The variety of breast cancer treatments in development offer poor prognosis populations hope

A series of pink prongs against a black backgroundThe prognosis for women with breast cancer has improved vastly over the years, with a five-year survival rate of approximately 95 per cent. This is largely due to improved screening and the development of targeted therapy options for patients.

The treatment options available to breast cancer sufferers are varied and often consist of a combination of approaches, including surgery, chemotherapy, radiation therapy, hormonal therapy and targeted therapies.

Chemotherapy regimens are used often after surgery in early invasive breast cancer, to 'mop-up' any cancer cells that may remain in the body. Hormonal therapies reduce the tumour-promoting effects of the endogenous hormones oestrogen and progesterone by blocking their respective receptors on tumour cells. Examples of hormonal therapies include anastrozole (Arimidex; AstraZeneca), fulvestrant (Faslodex; AstraZeneca) and tamoxifen (Nolvadex, Istubal, Valodex; AstraZeneca).

Targeted therapies aim specifically at cancer cells, avoiding normal body cells. Approximately 15–30 per cent of breast cancer patients over-express human epidermal growth factor receptor-2/neu (HER2/neu), a tumour growth-promoting receptor associated with aggressive cancers. Two treatments, trastuzumab (Herceptin; Genetech) and lapatinib (Tyverb; GlaxoSmithKline) block the HER2/neu receptor, improving survival in these patients. Additionally, the angiogenesis inhibitor bevacizumab (Avastin; Roche) is used as a first-line treatment to prevent formation of new blood vessels, restricting tumour growth.

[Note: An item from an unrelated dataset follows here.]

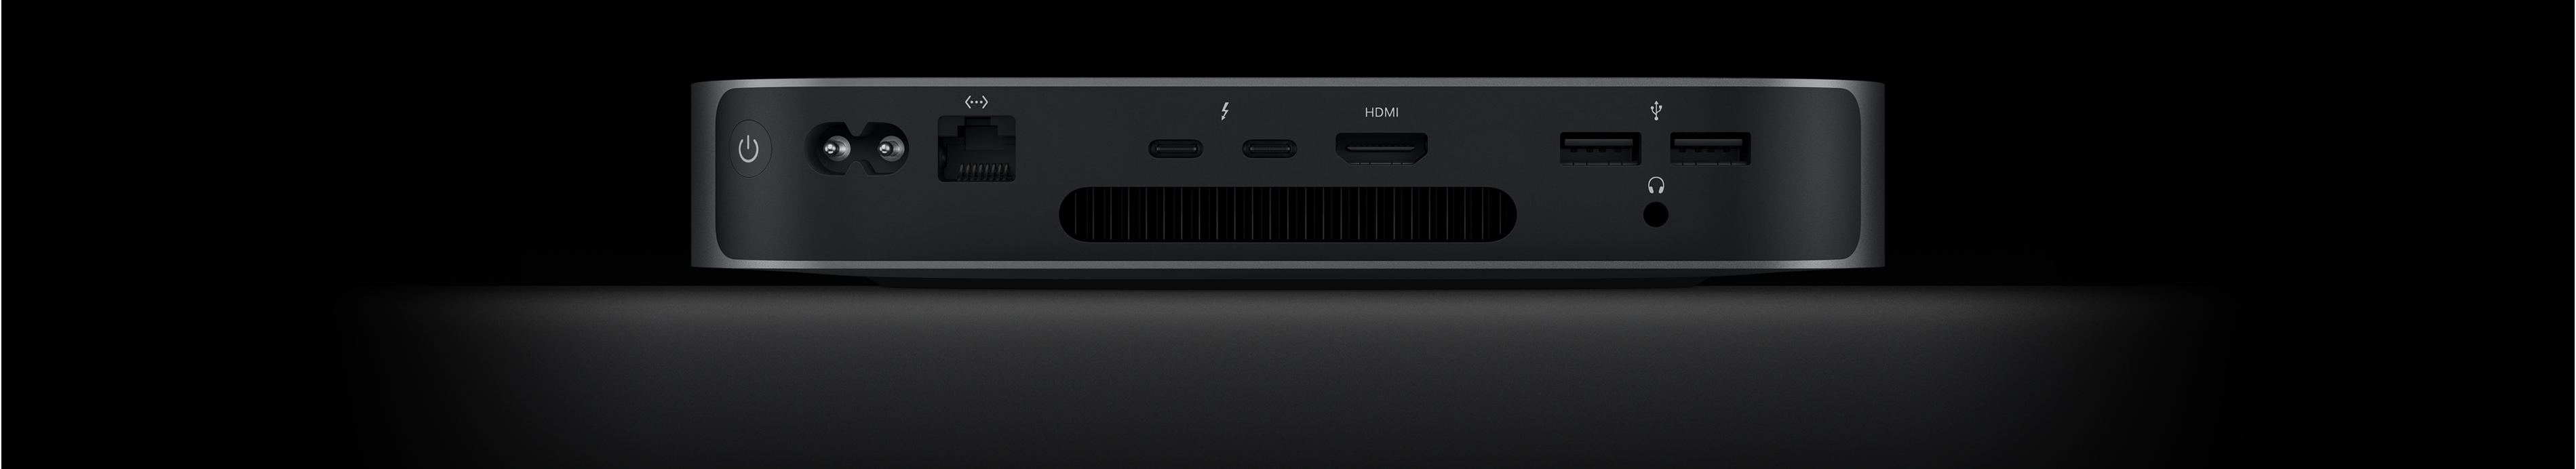 Mac mini sett fra baksiden vises med to Thunderbolt 4-porter, HDMI-port, to USB-A-porter, hodetelefonutgang, Gigabit Ethernet-port, strøminntak og av/på-knapp.

However, while these therapies are effective for a variety of breast cancers, there remain populations of breast cancer patients with a poor prognosis: those with advanced metastatic breast cancer refractory to HER2 targeted therapy and patients whose tumours do not express HER2 or hormone receptors, also known as triple receptor negative breast cancer.

Novel targeted therapies
BSI 201 (sanofi-aventis) is a potential first-in-class targeted therapy to inhibit poly-ADP-ribose polymerase (PARP). PARP, an enzyme involved in repairing single strand breaks in DNA during replication, is expressed in intraductal breast cancer cells and its inhibition prevents DNA repair during replication, leading to cancer cell death.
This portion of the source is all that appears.